Search-based red-team attack on diffusion LLMs (dLLMs). The attacker generates a <mask:N> template; the victim dLLM fills the masks in parallel and emits harmful content. Evaluated on LLaDA, LLaDA-1.5, LLaDA2.0-mini, Dream-Instruct, and MMaDA-CoT across HarmBench, JailbreakBench, StrongReject, and AdvBench.
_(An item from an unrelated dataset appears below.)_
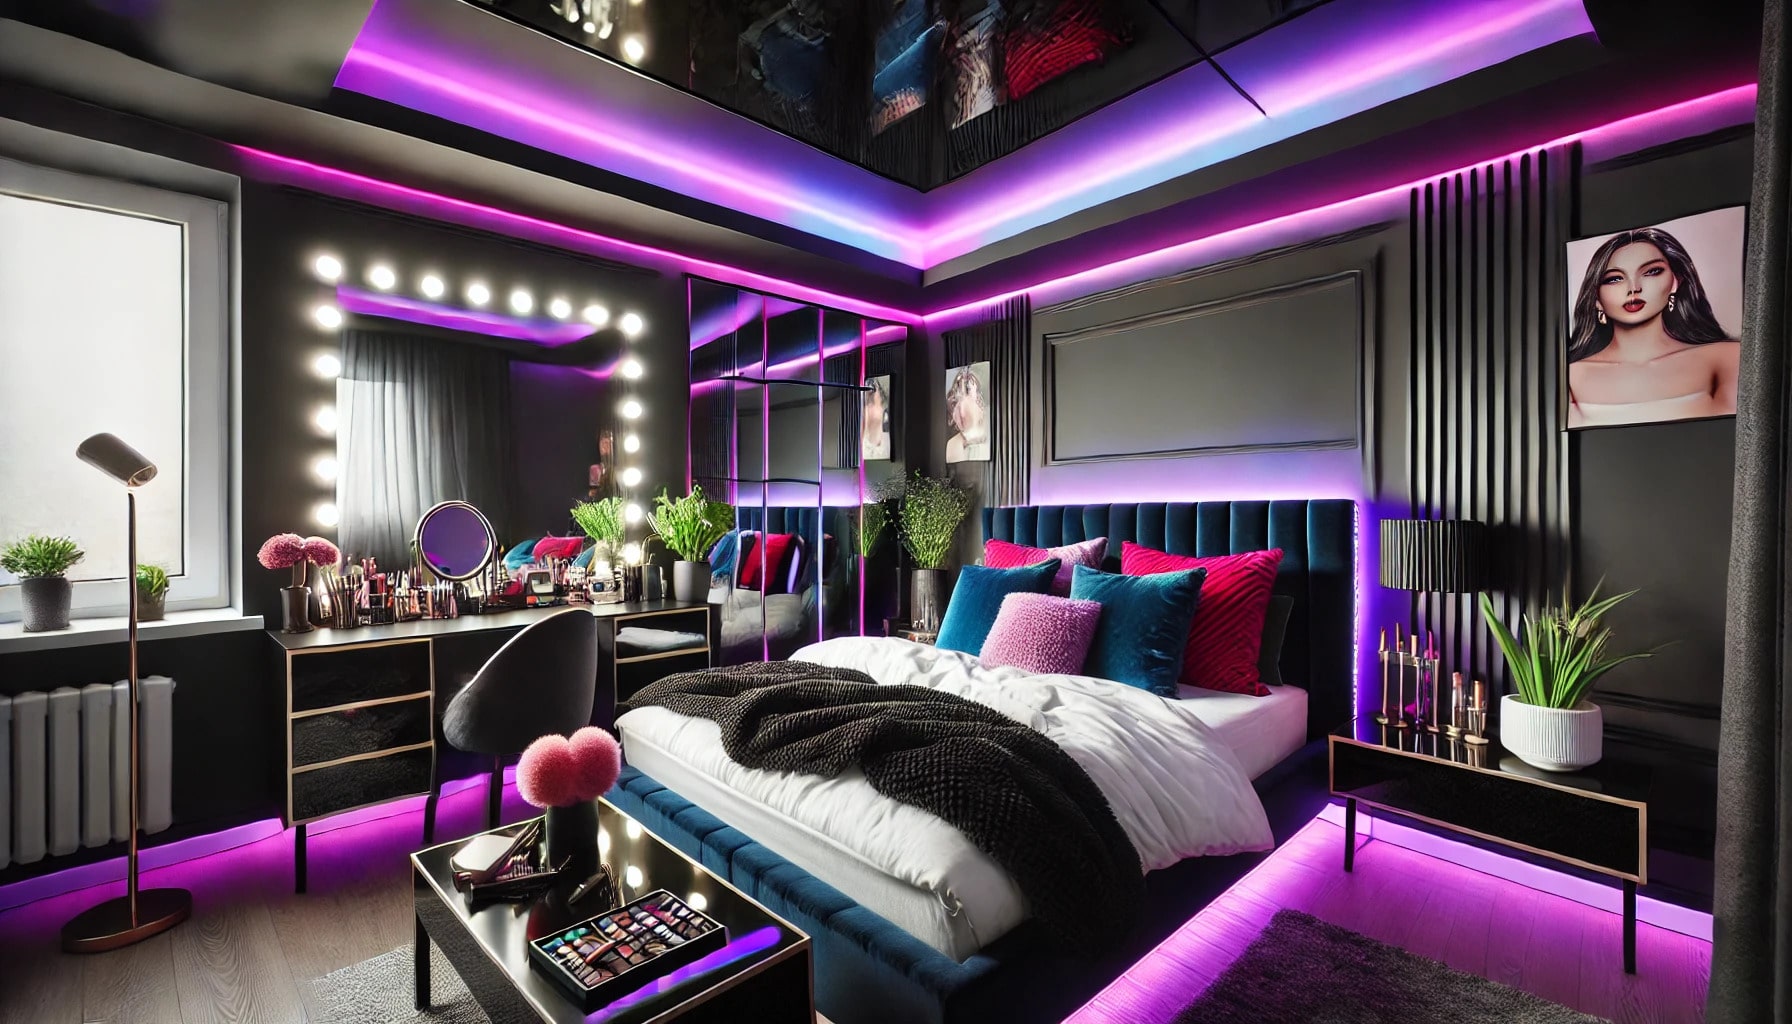 Baddie Aesthetic Room Inspiration Using LED Lights to Elevate Your Space

The pipeline has three stages — bootstrap a pattern library (A), grow it via UCB-guided online attack (B), then transfer it by pure retrieval (C). The Quick start below runs Stage B against one victim using the library checked into logs/.

Setup

Hardware: ≥ 2 GPUs (one hosts the attacker / scorer LLMs via vLLM, the other runs the victim dLLM). Each vLLM server fits in ~45% of a 40 GB card with the default 4 k context.

# 1. Clone + enter
git clone <repo> Attack4dLLM && cd Attack4dLLM

# 2. Conda env (Python 3.10)
conda create -n dllm python=3.10 -y
conda activate dllm

# 3. Core dependencies
pip install torch --index-url https://download.pytorch.org/whl/cu121
pip install vllm transformers accelerate safetensors einops regex xxhash
pip install numpy pandas tqdm omegaconf pyyaml jinja2 termcolor matplotlib
pip install requests boto3      # local + Bedrock judges

# 4. (optional) Per-victim extras — install only what you plan to run
pip install decord                            # MMaDA visual tokens
pip install flash-attn --no-build-isolation   # speedup on Hopper / Ampere

Bedrock judge — set credentials in the environment before any --judge bedrock invocation:

export AWS_BEARER_TOKEN_BEDROCK=<your-token>
export AWS_REGION=<your-region>

Victim model weights are pulled from HuggingFace on first use; the path is read from configs/<victim>_attack.yaml. Set HF_HOME if you want the cache to live somewhere specific. The benchmark data files (data/{jailbreakbench,strongreject,harmbench,advbench}*.json) ship with the repo.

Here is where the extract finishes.